Aw, nuts. Oklahoma quarterback Sam Bradford has been kind of good the past couple years, and for a brief moment Michigan was going to get involved with his recruitment:

…Michigan’s quarterbacks coach at the time, Scot Loeffler, watched Bradford throw. He, too, promised a scholarship offer the next Monday from Lloyd Carr, the Wolverines’ coach at the time.

But Carr did not call that Monday. On Wednesday, Loeffler called Wilson and explained that Carr did not call because one of his grandchildren had been born over the weekend.

Loeffler told Wilson that Carr would call the next Monday with a scholarship offer. The next day Bradford had his meeting with Stoops and Long. He committed to the Sooners before Michigan made an offer.

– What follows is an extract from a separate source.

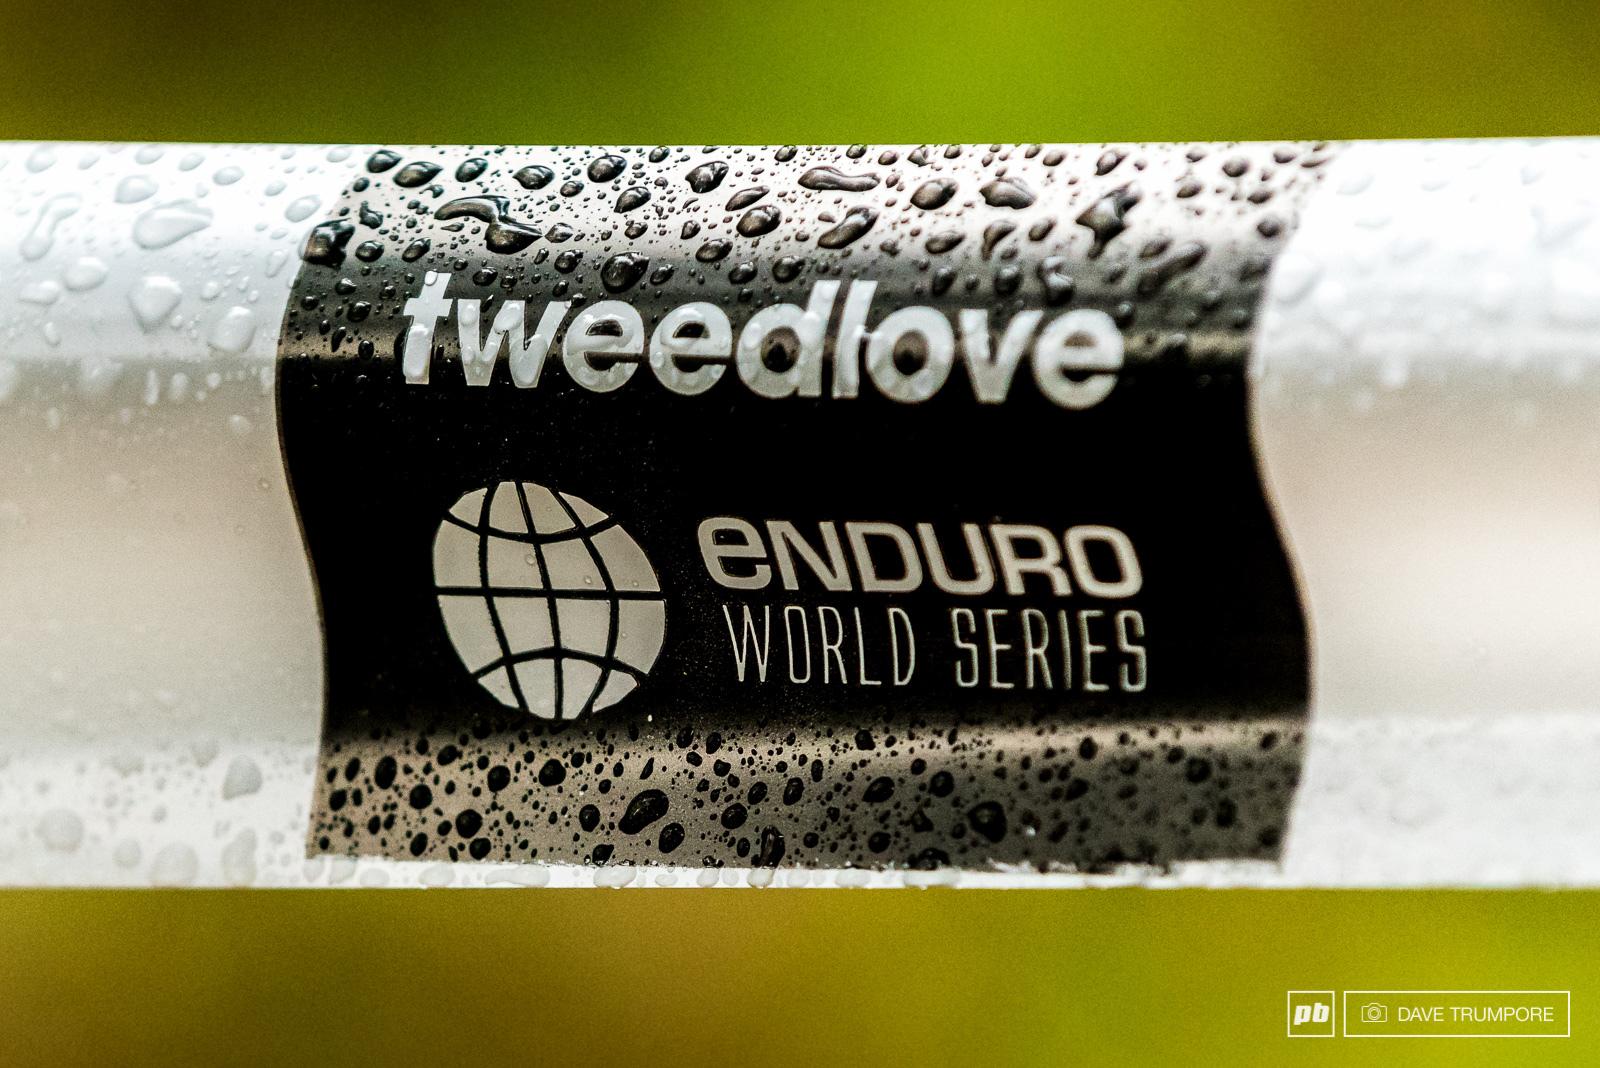 Welcome to the wet and Wild Tweedlove EWS.

“There was no question we would have loved to have him,” Carr said in a telephone interview. “We felt in evaluating him that he was going to be a great player.”

Not like it would have mattered if Carr called, since he committed so quickly. Michigan ended up with the Coner in that class.

Plaxico? Rogers? And This? And, finally:

pig_luau_eaten_dominatrixes

Did you get to the end? The part where he "earned a football scholarship from Michigan State University?" Probably some walk-on, but this obviously means something. This is important, people. Very important.

Etc.: Basketball wallpaper for you at Nothing Is Illuminated.

Comments

Don

December 9th, 2008 at 12:27 PM ^

It's not that I don't believe Spartoonies can't be complete idiots, but I'm skeptical anyone calling himself a "librarian" ever set one foot on the MSU practice field, much less in Spartan Stadium. To play football at a level high enough to merit a football scholarship to a B10 university, you have to be far more physically and mentally aggressive than any male librarian I've ever encountered anywhere.